VA | E1 | E2 | E3 | E4 |
BA | RF | BO | BA | RF | BO | BA | RF | BO | BA | RF | BO |
MTG | 7.58 | 7.94 | 12.37 | 10.47 | 9.84 | 10.89 | 1.04 | 1.53 | 4.49 | 3.55 | 3.21 | 3.75 |
HW | 10.11 | 10.68 | 15.29 | 2.19 | 2.23 | 6.57 | 2.2 | 1.75 | 3.51 | 3.83 | 4.44 | 3.93 |
DEF | 3.29 | 2.42 | 7.55 | 6.85 | 5.79 | 6.73 | 3.58 | 3.5 | 4.60 | 11.46 | 11.49 | 9.18 |
DFM | 1.59 | 2.21 | 2.97 | 16.94 | 16.84 | 12.25 | 0.8 | -0.4 | 4.22 | 5.57 | 4.68 | 4.82 |
DEM | 3.46 | 3.1 | 6.35 | 6.44 | 6.06 | 6.28 | 2.14 | 1.86 | 3.43 | 6.12 | 5.95 | 5.17 |
PH | 10.74 | 10.3 | 9.65 | 10.01 | 8.29 | 9.32 | -0.93 | -0.24 | 2.72 | 0.8 | -0.45 | 1.02 |
LP | 2.83 | 2.49 | 5.94 | 1.36 | 1.08 | 2.79 | 3.04 | 3.04 | 2.96 | 0.36 | -0.66 | 0.89 |
LRS | 20.87 | 20.1 | 29.59 | 9.27 | 9.29 | 16.05 | 9.91 | 10.91 | 12.29 | 4.19 | 4.58 | 7.02 |
SRS | 7.32 | 7.76 | 5.60 | 3.09 | 2.25 | 3.65 | 3.52 | 3.97 | 3.71 | 0.8 | 1.62 | 2.04 |
LS | 3.11 | 3.67 | 4.69 | 3.62 | 2.91 | 3.74 | 3.22 | 2.95 | 3.30 | 3.99 | 3.49 | 3.59 |
MTG = Thousand Grain Mass in grams; HW = Hectoliter Weight; DEM = Days between Emergency and Maturation; PH = percentage of lodging; GY = Grain yield in kilograms per hectare; DEF = Days from Emergence to Flowering; DFM = Days from Flowering to Maturation; PH = Plant Height; LRS = Leaf Rust Severity; SRS = Stem Rust Severity and LS = Leaf Spots; FA: random forest; BA: Bagging; BO: Boosting; VA: auxiliary variable; E: environments. E1 and E3: no fungicide; E2 and E4: with fungicide. |
Based on Table 4, the variables that obtained the highest IMSE estimate in all machine learning methodologies in relation to environments without fungicides were: LRS, HW, PH, and MTG; DEF, SRS, and LRS, E1, and E3, respectively. The variable that showed to be more efficient in these environments was LRS. This justifies that this variable can be used in the indirect selection process when the target variable of prediction is GY. To environments with fungicides, the most important variables were: MTG, DFM, PH, and LRS; DEF, DFM, DEM, and LRS, which are represented by E2 and E4, respectively. For this environment with fungicide, the variables DFM and LRS proved to be efficient in estimating the prediction of grain yield in white oat.
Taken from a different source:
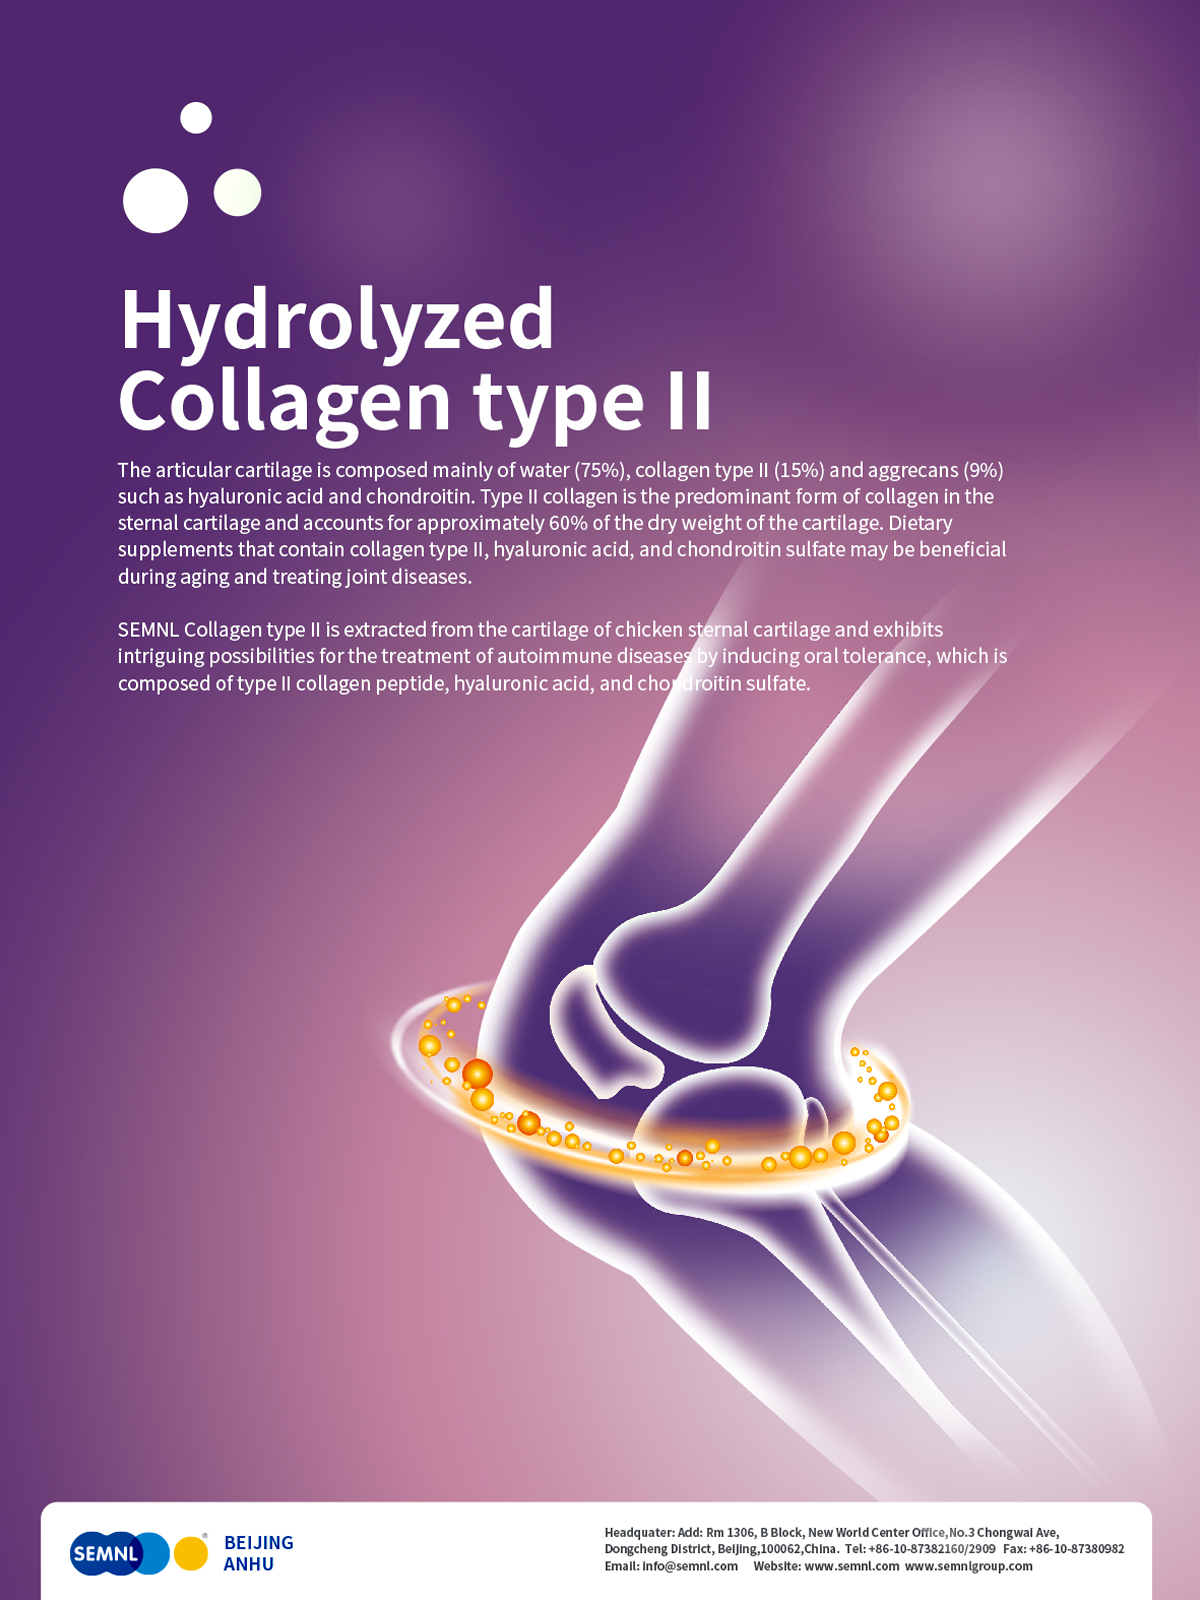 Hydrolyzed Collagen Type II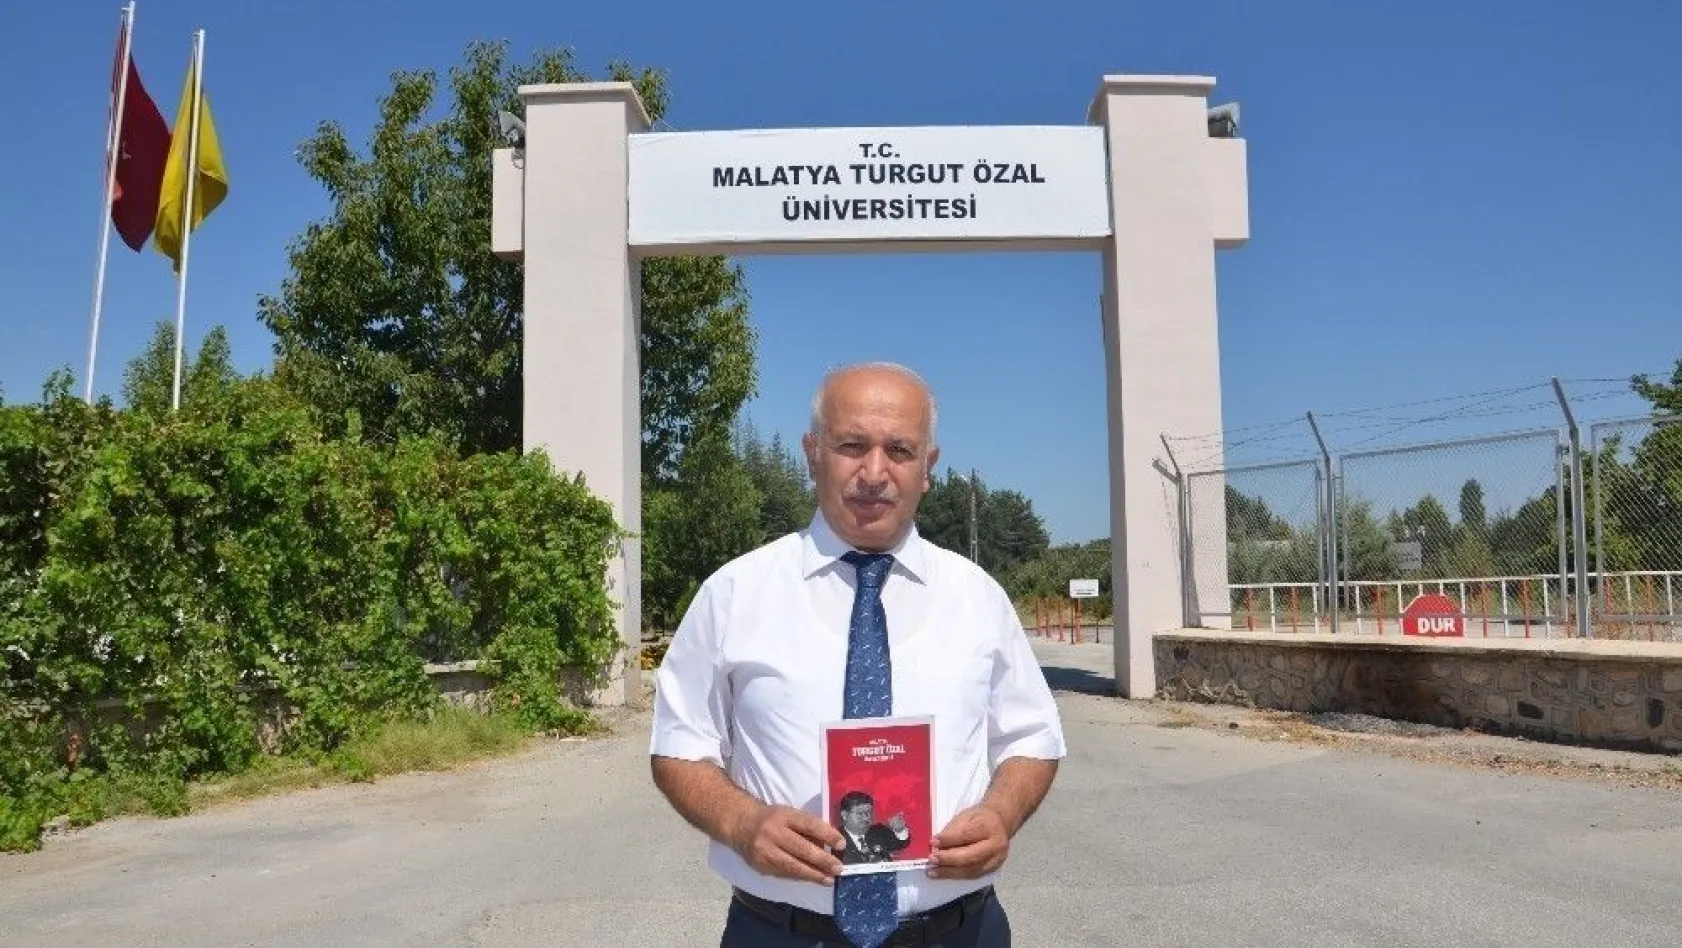 Turgut Özal Üniversitesi Rektör Adayı İçen, projelerini açıkladı

The random forest and bagging methodologies were coincident in quantifying the same explanatory variables. Similar result is reported by [3, 4]. Regarding the boosting procedure, the results show discrepancies. On the other hand, this procedure was more consistent in variable prediction. In this procedure to estimate the importance of a variable using GY as a predictive target, the variables: MTG, HW, PH, and LRS; MTG, DEF and LRS stood out in the environment without fungicides, represented by E1 and E3, respectively. To the fungicide environment, the important variables were: MTG, DFM, PH, and LRS; DEF, DFM, DEM, and LRS, respectively. When using the boosting procedure, the variable that stood out in all environments was LRS. This justifies that this variable can be used to predict GY in white oats.
The bagging technique involves generating several distinct training sets from the original dataset. Final predictions are calculated by averaging all generated predictions. This is useful for decision tree and artificial neural network techniques that are sensitive to small changes in training data [23].